*** SUPPLIED MATERIAL

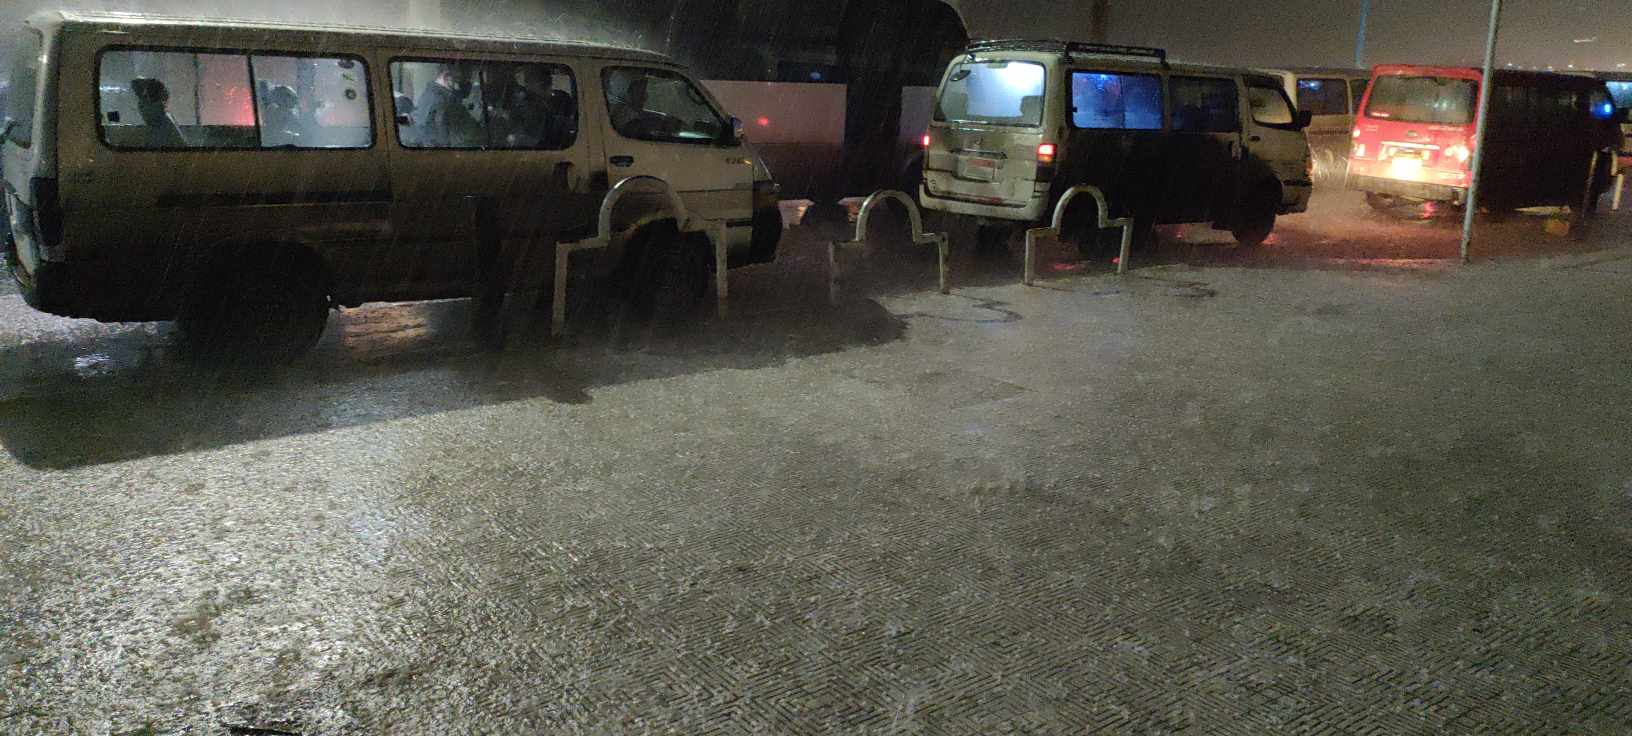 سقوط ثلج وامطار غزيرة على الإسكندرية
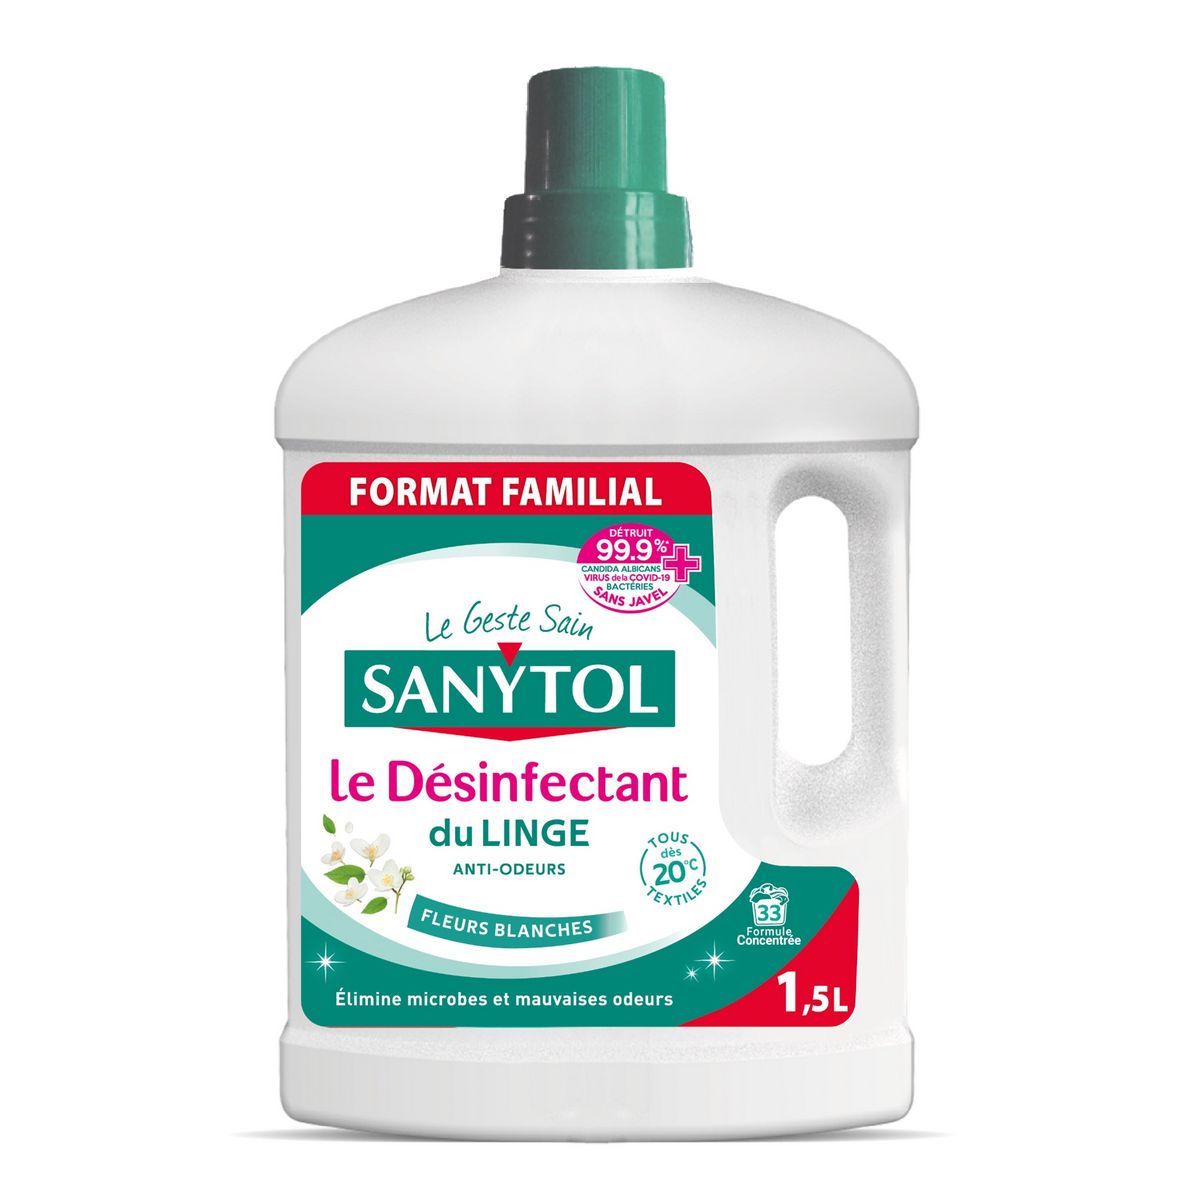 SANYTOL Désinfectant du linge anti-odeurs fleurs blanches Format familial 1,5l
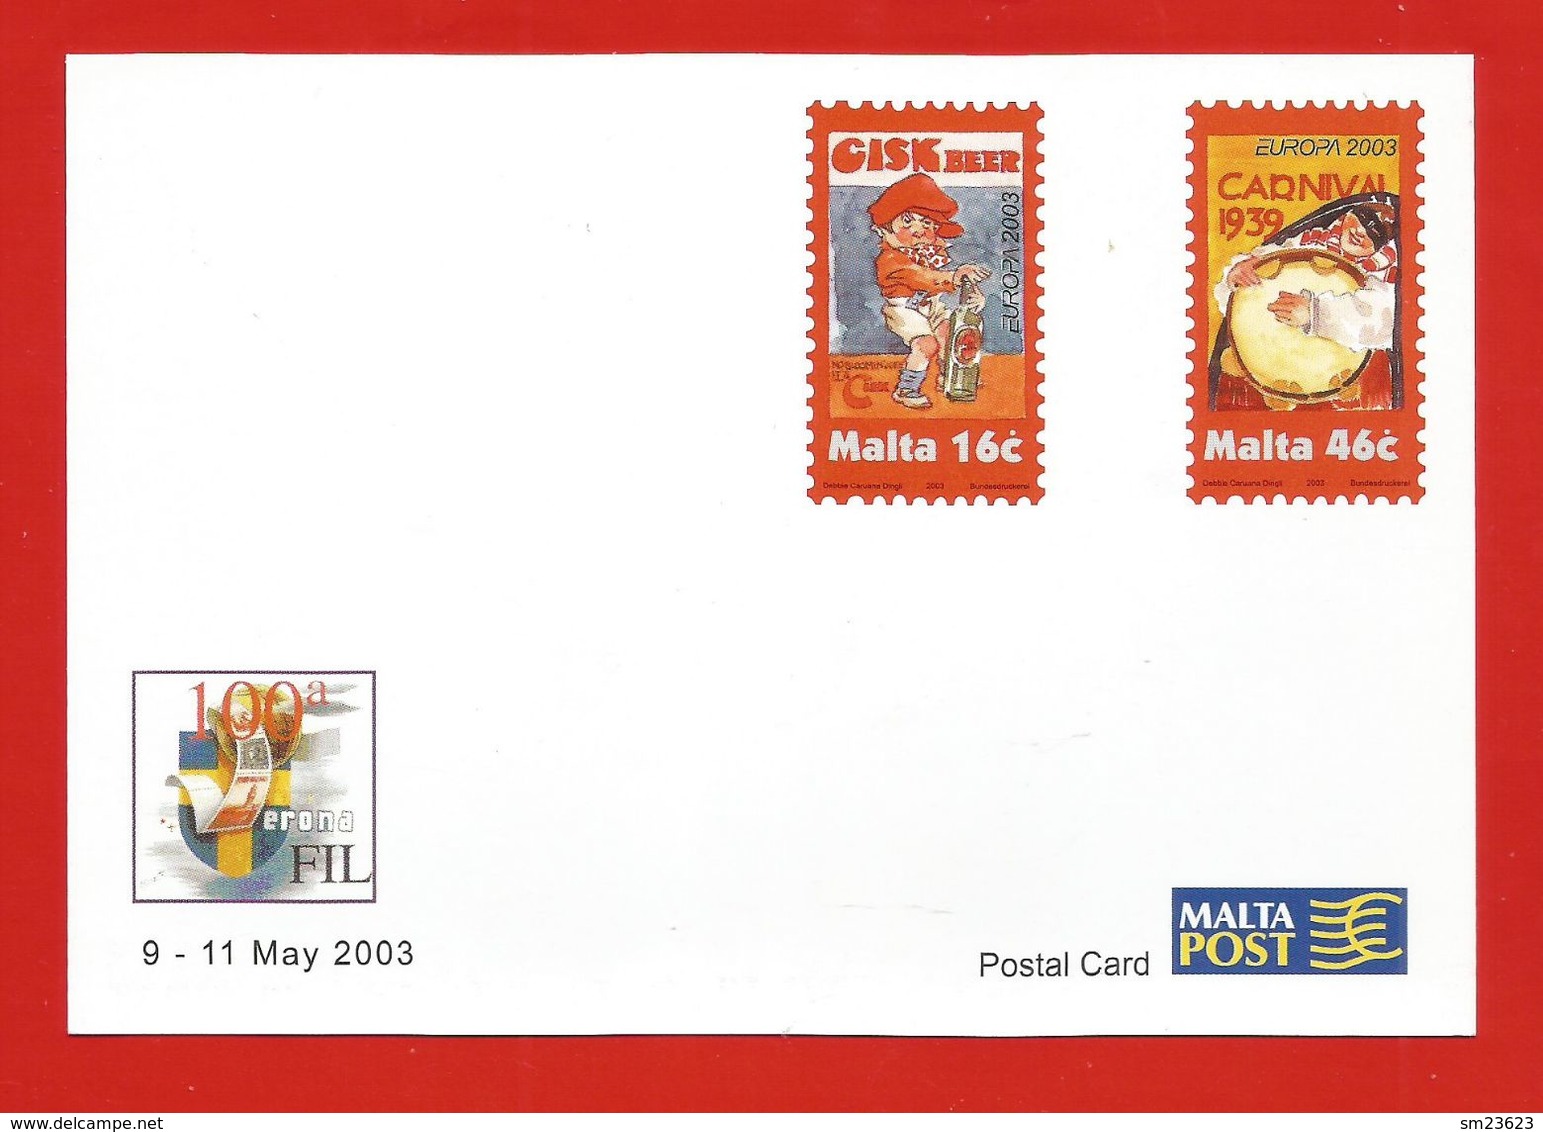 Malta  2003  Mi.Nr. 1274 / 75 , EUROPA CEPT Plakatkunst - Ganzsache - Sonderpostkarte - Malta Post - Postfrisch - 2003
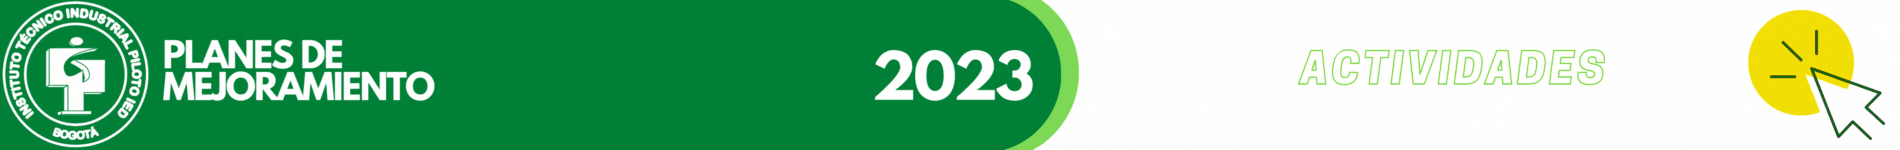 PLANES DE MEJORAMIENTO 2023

******

WHAT THE EXERCISE ASKS> Your task is to retype exactly, and only, the lines from the one that holds "Postfrisch - 2003" through the end of the listing, both end lines included, without any pictures.

RESPONSE BOX>
 Malta  2003  Mi.Nr. 1274 / 75 , EUROPA CEPT Plakatkunst - Ganzsache - Sonderpostkarte - Malta Post - Postfrisch - 2003
 PLANES DE MEJORAMIENTO 2023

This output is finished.